Такая пышка. Скорее полноватая, чем худощавая. И очень яркая, как мак, например, или как апельсин, — такое производила впечатление. Глаза черные, лицо цвета топленых сливок с ярким румянцем. Губы как малина после дождя. Мелкие темные кудряшки — не прическа, а просто кудряшки, повсюду — по вискам, по шее, по плечам, по груди… И круглую грудь цвета топленых сливок она открывала очень низко. И меленькие, очень белые, очень острые зубки. С крохотными клычками. Как у ласки. И ямочки на щеках. И взгляд смелый и прямой. Она стояла рядом с моим стражем-трупом и улыбалась. Это потрясающе выглядело.
Она стояла и дышала так, как другие танцуют. Я сказал:
— Вы — графиня Беатриса, если я не путаю. Вам шестнадцать, ваш отец владеет землями за Серебряным Долом, и я не понимаю, что вы здесь делаете.
Тогда она облизнула губы так, чтобы я посмотрел на них. И сказала:
— Я желала видеть вас наедине, ваше величество.
Странно… Если бы она обманывала меня… Если бы у нее оказалась тайная цель, она хотела бы меня убить или подать прошение… Но ведь она думала не об этом. Я видел. Она не боялась. Ее бросало в жар от собственных мыслей.
— Вы хотели меня видеть, Беатриса, — говорю, — затем, о чем я думаю?
Она опять облизнулась, как кошка на сметану. И глаза у нее светились морионами[2] перед свечой. А потом она кивнула, взяла кончик шнурка, которым стягивался корсет, и медленно за этот кончик потянула.
Я не дал ей расшнуроваться. Это не имело особого значения в тот момент. Значение имела юбка, а не корсет — и все. Мешала только юбка. Боже милосердный, ножки цвета топленых сливок — в ворохе кружев…
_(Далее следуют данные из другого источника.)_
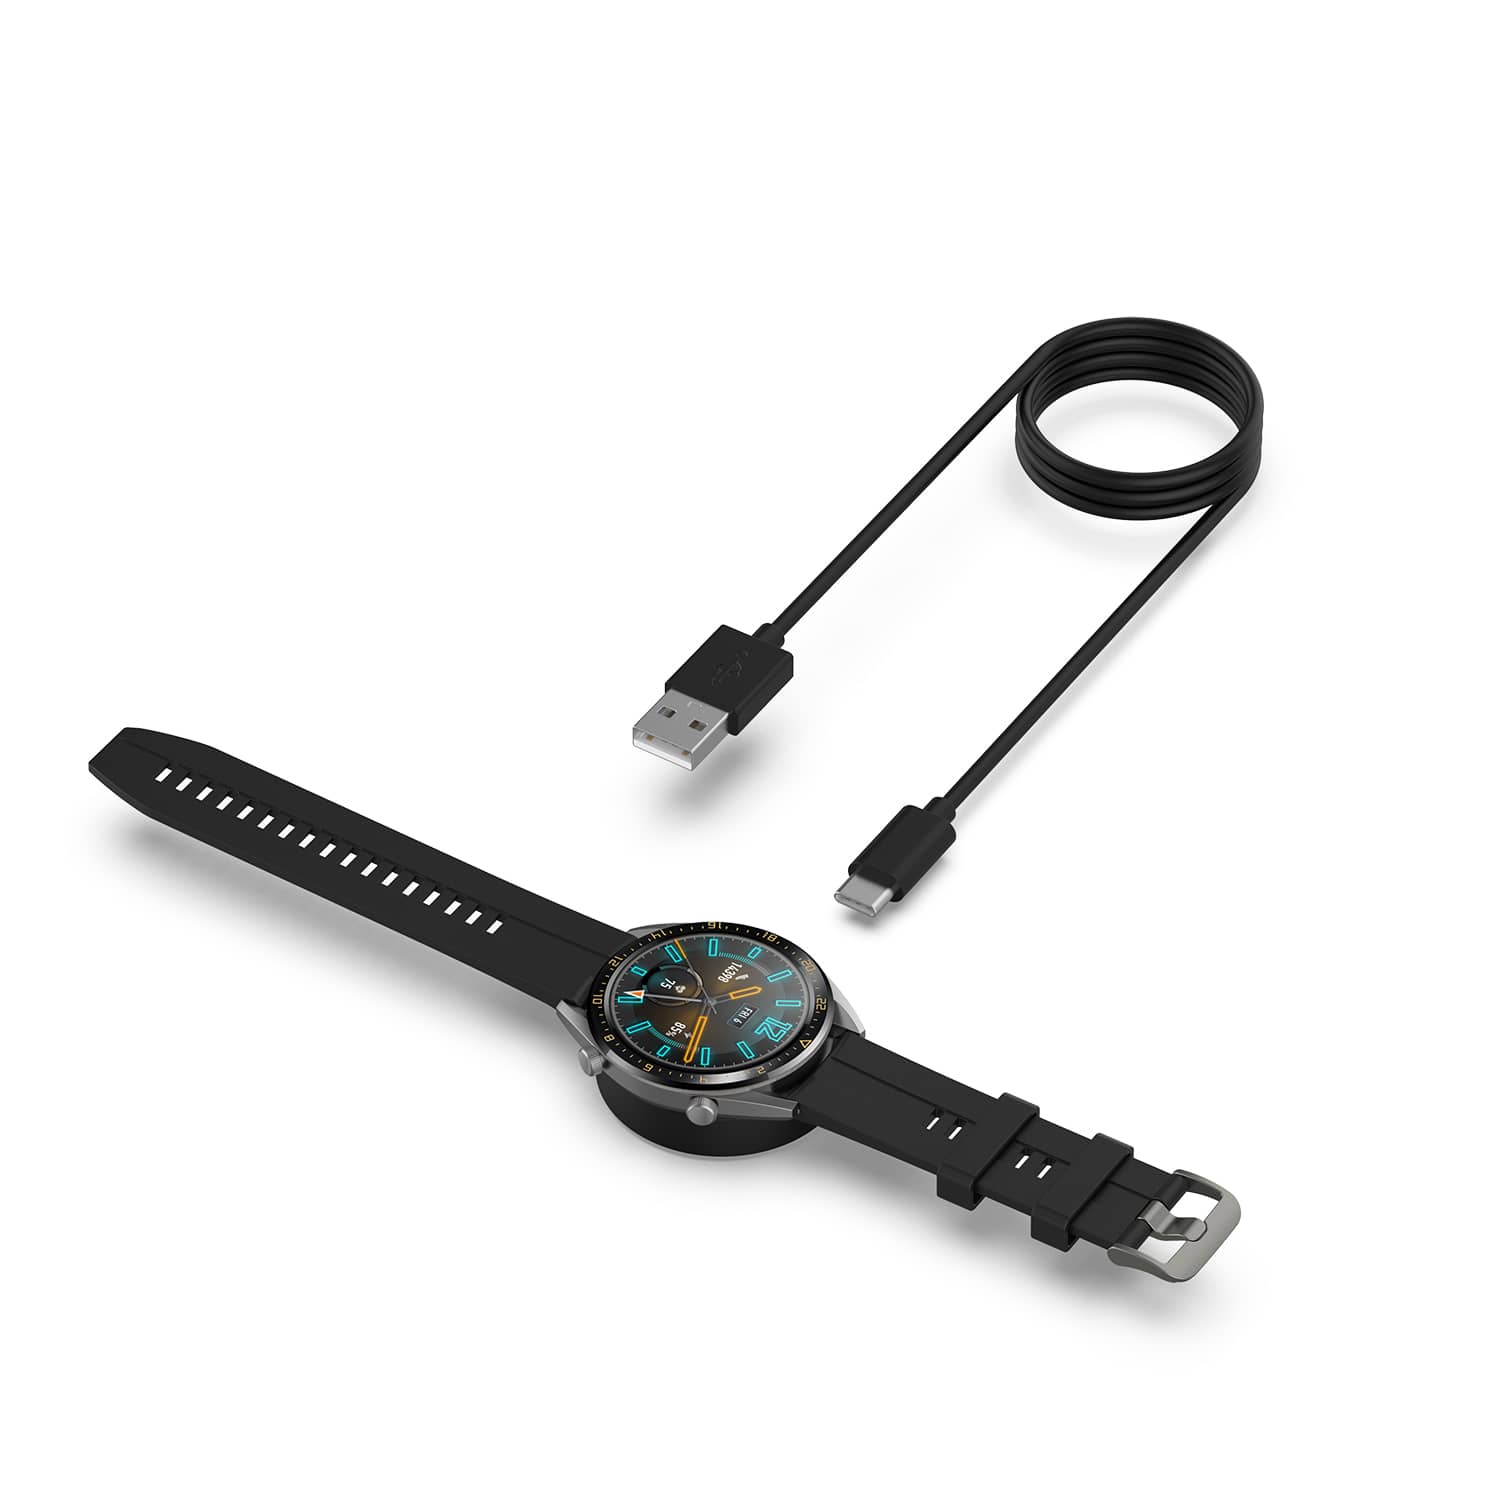 Cargador de Base para Huawei Watch GT / GT2 / Honor Watch Magic 2, Cable de  carga rápida

И в первые две минуты я решил, что Беатриса влюблена в меня до беспамятства. Ей ужасно хотелось заполучить все, что только возможно. И я отпустил поводья. Совсем. Как никогда.
Я не думал, как бы не причинить ей боли. Я не думал, что делать дальше. Я вообще ни о чем не думал. Это блаженное бездумье чем-то напоминало выплеск вампирской Силы, если бы не совершенное изнеможение к утру. Будто она пила из меня каким-то своим образом. И мне этого хотелось, как человеку хочется вампирского зова, — хотя Дар и подсказывал, что это небезопасные игры.
Правда, на Дар мне сейчас было плевать. Меня так утомило одиночество, холод и окружающая ненависть, что я вполне созрел рискнуть Даром ради тепла. Обычного живого тепла. Я — человек — ее хотел.
И все.
Чистая как слеза похоть.
Мы ни о чем не разговаривали. Беатриса ушла на рассвете, укутавшись в плащ с капюшоном, но обещала вернуться завтра. Она оставила пятно своей крови на моих простынях, но я не чувствовал ровно ничего похожего на вину.
Я просто содрал простыни и швырнул в угол.
Но целый день думал о Беатрисе.
Мертвец встречал ее, когда шла первая четверть первого часа ночи. Ей нравилось, когда я присылал за ней труп. Я думал, что она упивается собственной храбростью. Так вот, мертвец провожал ее до моей спальни. А в спальне мы пили глинтвейн и ласкали друг друга.
Почти до рассвета. Всегда — при свечах.
Беатриса разглядывала меня так жадно, будто хотела съесть глазами. Втянуть в себя. Рубец от вырезанной стрелы, разные лопатки, шрамы на руках — облизывала взглядом, прикосновениями и языком… В жизни на меня никто так не смотрел. Я ее не понимал, а она не объясняла.
Мы не разговаривали.
Я догадался только, что дело не в короне на моей голове. Мне хотелось бы спросить у нее, почему она тогда так ведет себя, чем я сподобился, если не этим, но у меня все время был занят рот — ее губами, ее грудью, ее пальчиками. Спросить не выходило. У меня не выходило даже спросить ее, почему я не могу оставить ее при себе. Почему она уходит перед рассветом.
Почему, прах побери, я не могу оставить при себе женщину, которую взял себе?!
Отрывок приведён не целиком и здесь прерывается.